Broncos Analyst Suggests Best Move For Remaining Cap Space

Broncos head coach Sean Payton

The Denver Broncos turned a salary cap deficit into a $22.6 million surplus by releasing players and restructuring other contracts. While there are several ways to use that money, The Denver Post’s Parker Gabriel suggests saving most of that money for next season.

“Here’s one path forward: Stuff most of the rest in your pocket and don’t even think about it until 2025,” Gabriel wrote in his March 17 column. “The NFL allows teams to roll cap space over. Denver had been at about $10 million in rollover until having less than $1 million this year.”

Over The Cap reveals that the Broncos have the 11th largest cap space eight days after the 2024 league year started. However, assuming they will use all eight picks, it would take around $4 million to sign their draft picks.

“So, for estimate’s sake, let’s say Denver has $16 million to work with now. They’ll sign more players, though big, splashy contracts at this point would be a surprise. … Take $10 million and treat it as if you’re actually paying down $63 million of (Russell) Wilson’s dead cap rather than $53 million,” Gabriel added.

2 Reasons Saving Most of Their 2024 Cap Space Works to the Broncos’ Favor

GettyBroncos offensive guard Quinn Meinerz

First, letting their extra cap space roll into 2025 gives the Broncos additional cushion to offer contract extensions to their key players. “Save as much of it as you can and spend it next year on mega-extensions for Pat Surtain II and Quinn Meinerz,” Gabriel wrote in the same March 17 article.

After his first three seasons with the Broncos, Surtain II is eligible for a contract extension. His Pro Bowl and First Team All-Pro selections give him the leverage to command exponentially more significant money than his $1,055,000 base salary in 2024.

They can keep him for the 2025 season by exercising his $19,802,000 fifth-year option on or before May 2. This option buys them time to finalize a long-term agreement.

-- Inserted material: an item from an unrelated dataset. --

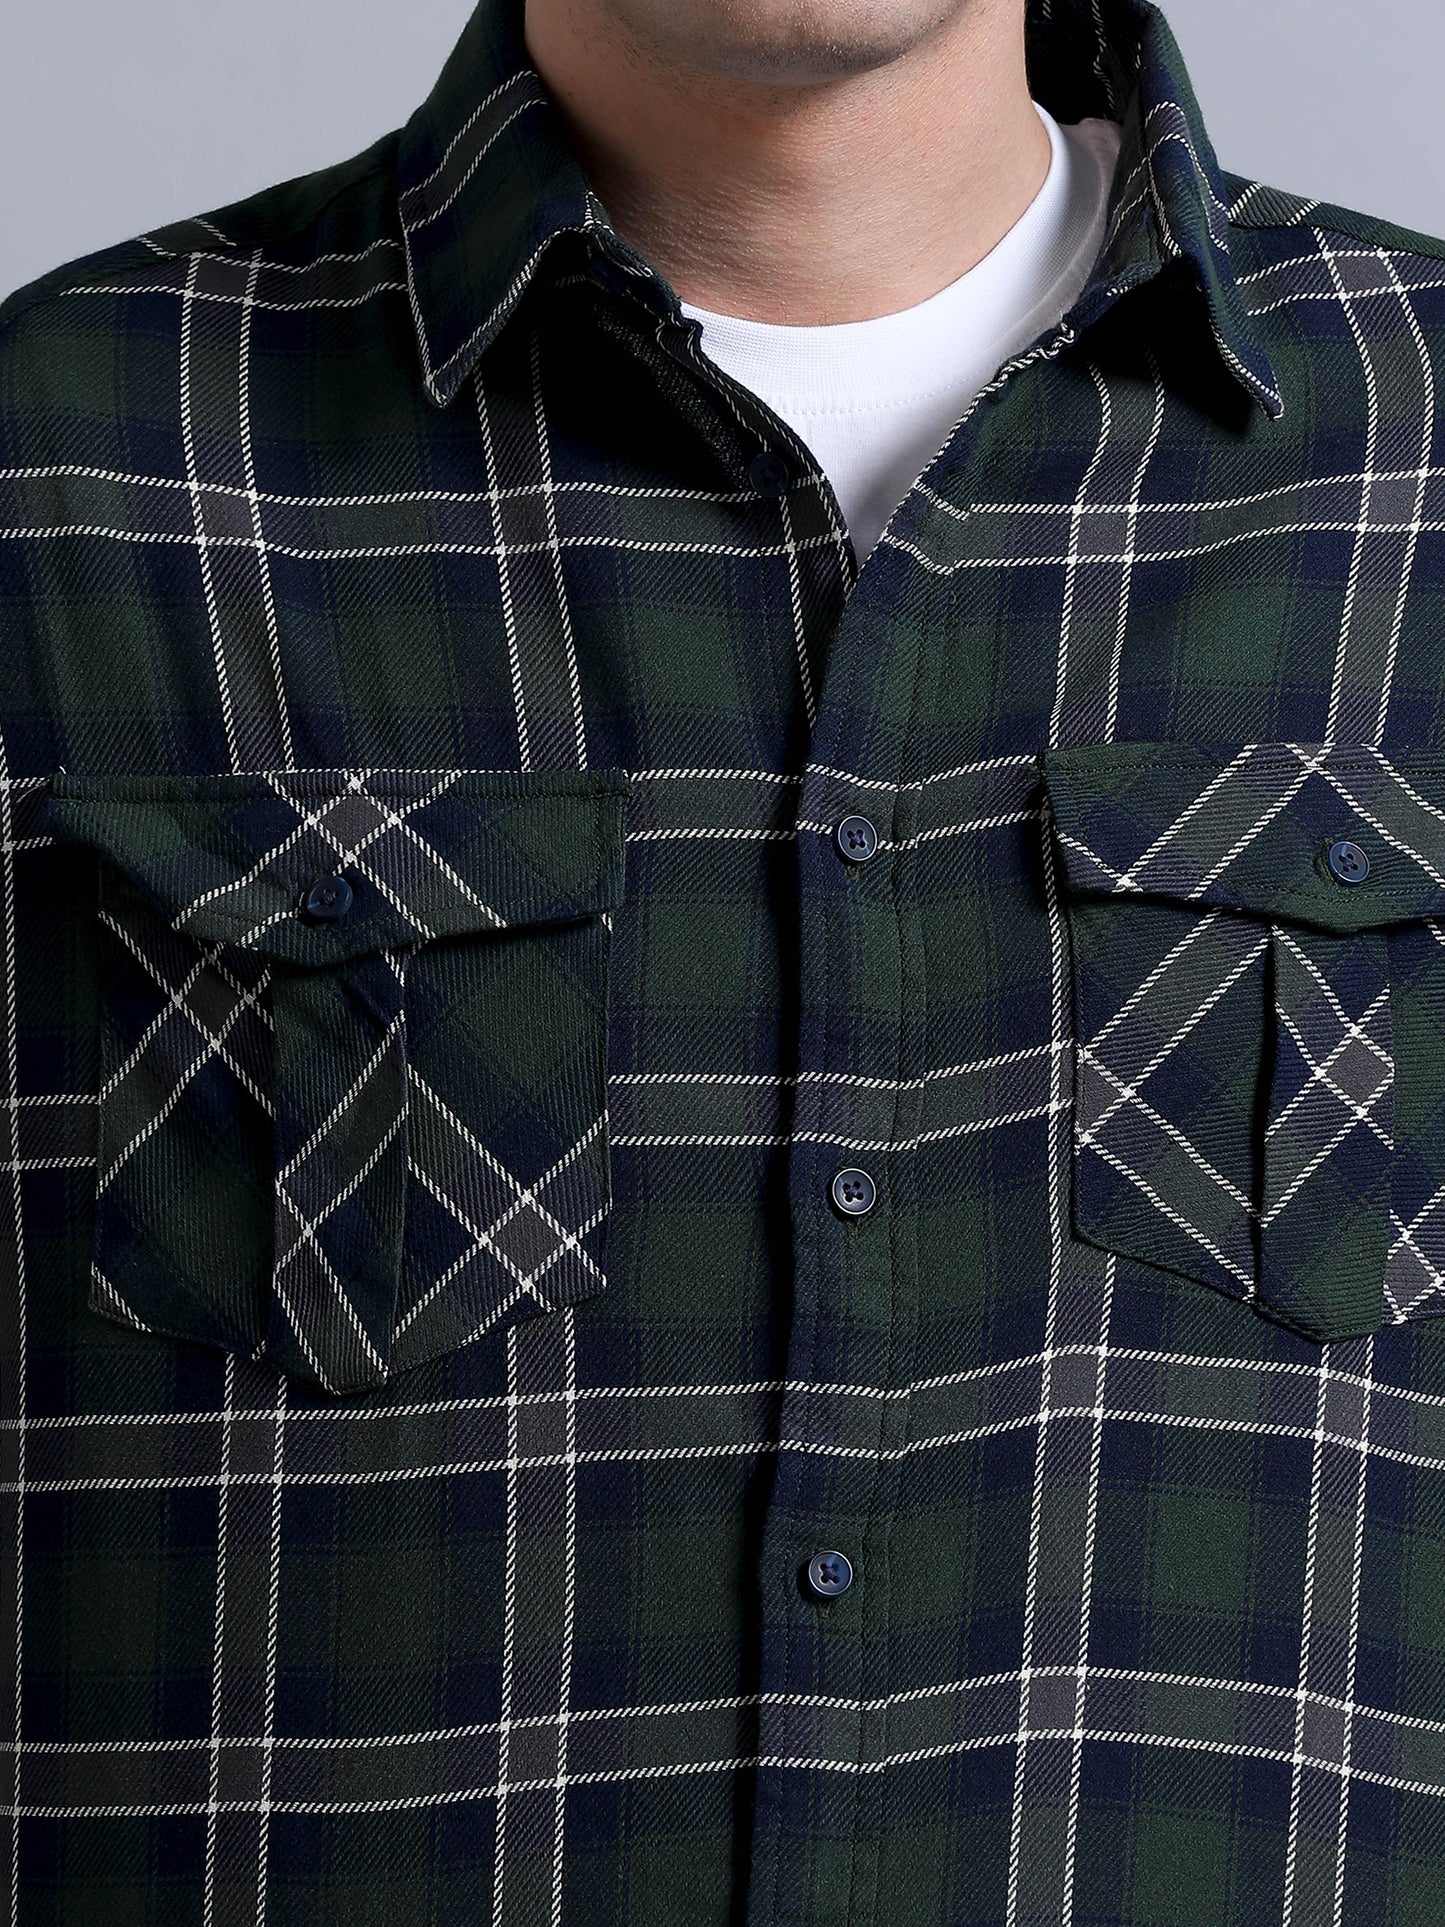 Premium Men Shirt, Relaxed Fit, Yarn Dyed Flannel Check, Pure Cotton, Full Sleeve, Green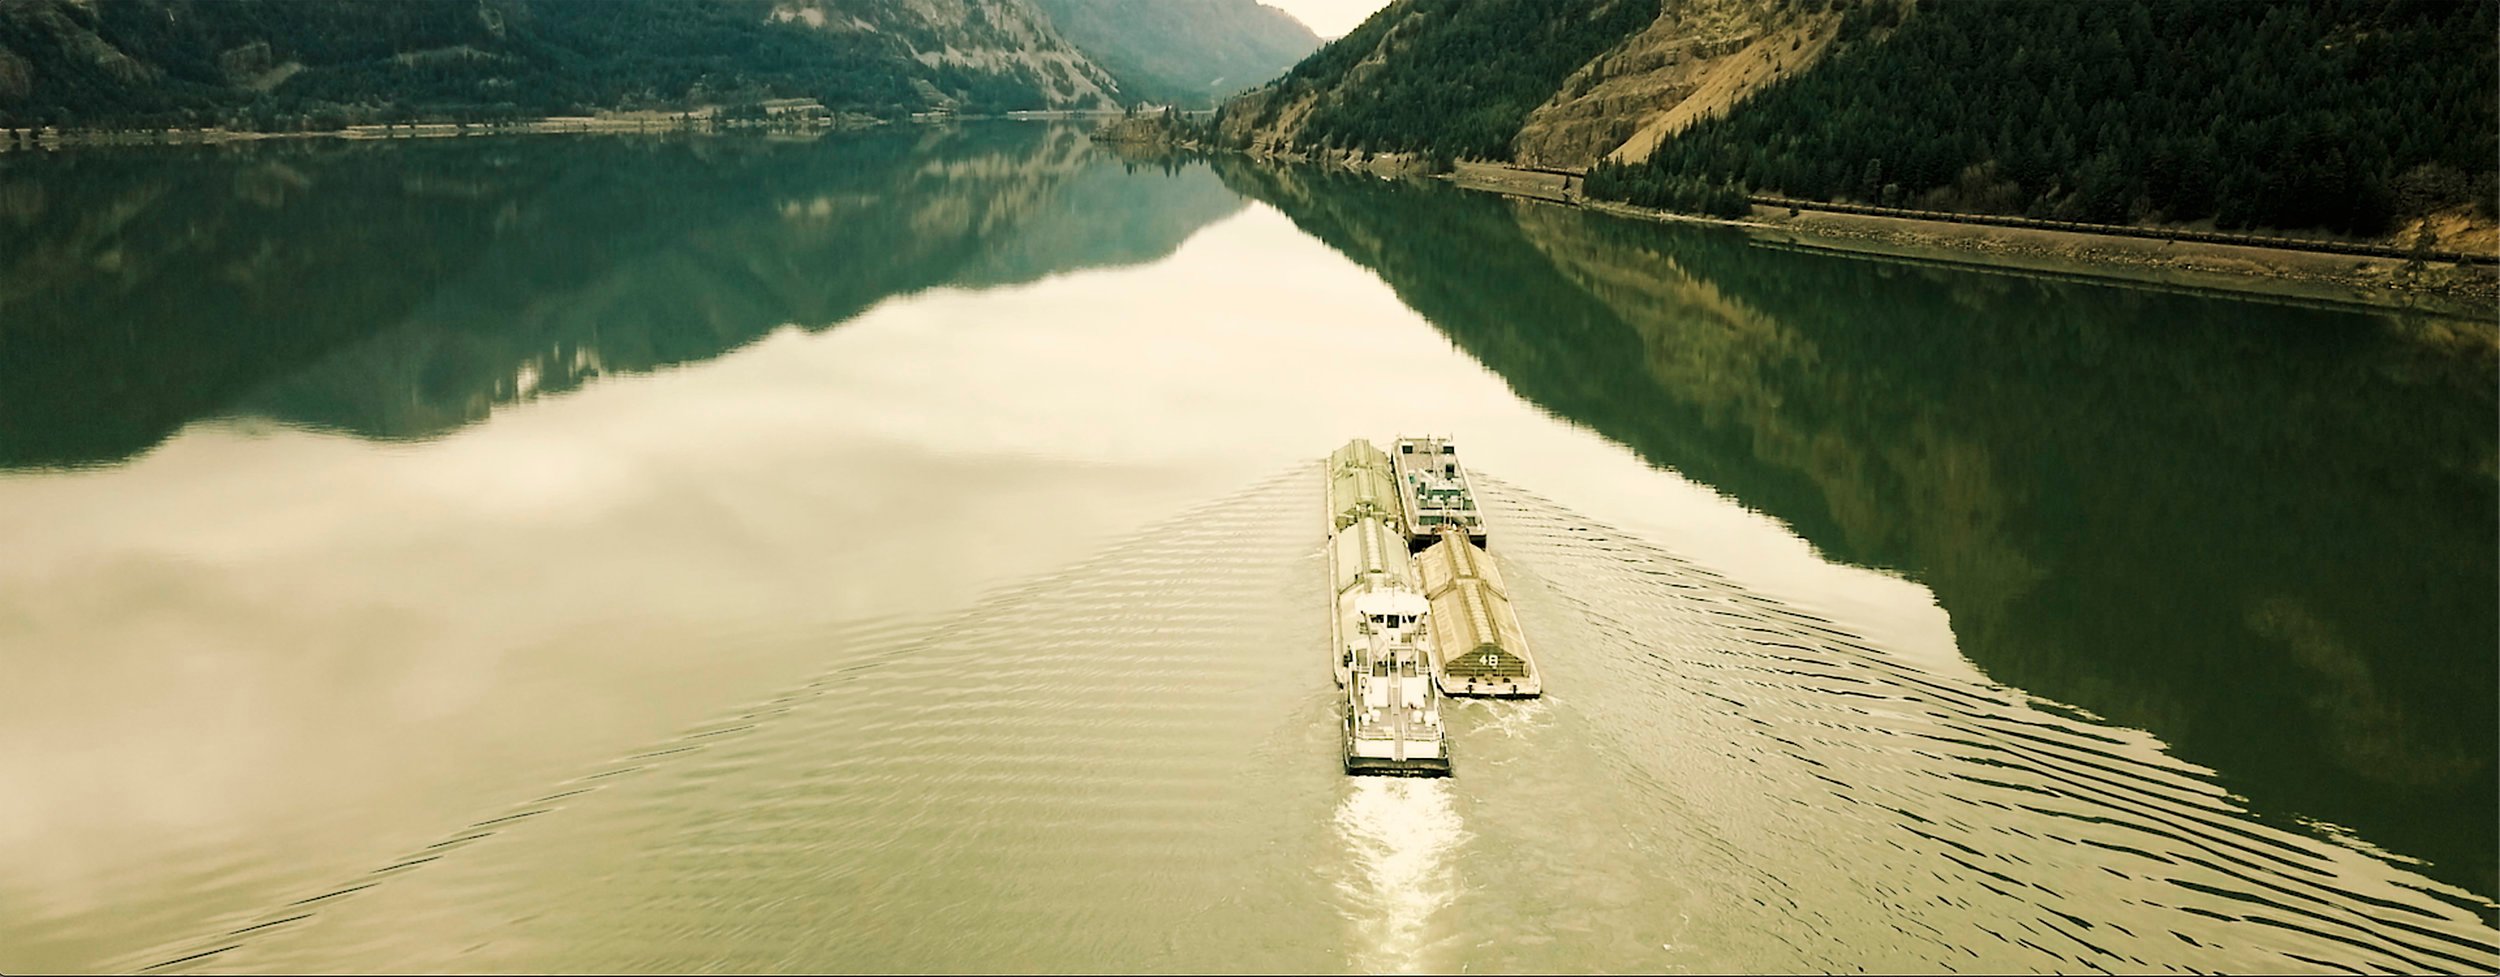 Drone photo of boats in the Columbia Gorge by Steve Utaski.

Meinerz will play under the final season of his four-year, $4.7 million rookie-scale contract. Spotrac reveals that the former Wisconsin-Whitewater standout played 96.5 percent of the team’s offensive snaps in 2023.

Pro Football Focus gave the offensive guard an impressive 83.7 overall grade and an 88.7 mark in run blocking. As PFF’s Thomas Valentine wrote in his January 25 article, “The Broncos running game averaged just four yards per carry in 2023, but Meinerz was nothing but a positive force for the team. It’s ugly work, but someone has to do it. Meinerz proved there aren’t many who can do it better.”

Second, Denver can use the cap surplus this season to re-sign their 2024 free-agent acquisitions. “Prepare for bigger cap hits from 2023 free-agent additions like Mike McGlinchey, Ben Powers, and Zach Allen. After converting all of their salaries to bonuses for 2024, their combined cap charges this year are a paltry $21.65 million. Currently for 2025, the trio combines to charge $61.03 million,” Gabriel suggested.

Broncos Insider Raises Concern Regarding Surging Salary Cap

GettyBroncos cornerback Pat Surtain II

While the Broncos got some relief when the salary cap ballooned from $224.8 million to $255.4 million, Denver Sports’ Andrew Mason pointed out a grim reality with the substantial increase.

“But here’s the catch: everything becomes more expensive,” Mason shared with co-host Cecil Lammey on the February 24 episode of the “Orange and Blue Today” podcast. “For example, if you start looking at the horizon at Pat Surtain’s eventual contract. … You see that cap rising, quarterback costs rise, every premier player sees their price tag rise.”

As a one-time All-Pro and a two-time Pro Bowler, Surtain deserves to get paid top dollar. Therefore, his contract extension exceeds Jaire Alexander’s $21 million annual average value and trumps Denzel Ward’s five-year, $100.5 million deal with the Cleveland Browns.

Aside from Surtain, who he feels could easily command a $25 million annual salary, Mason urged the Broncos to consider selecting a quarterback in the April 2024 rookie draft. “By the way, quarterbacks get more expensive, which is another reason why you gotta look at the draft and ideally find that cost-control quarterback for the next five years,” he added.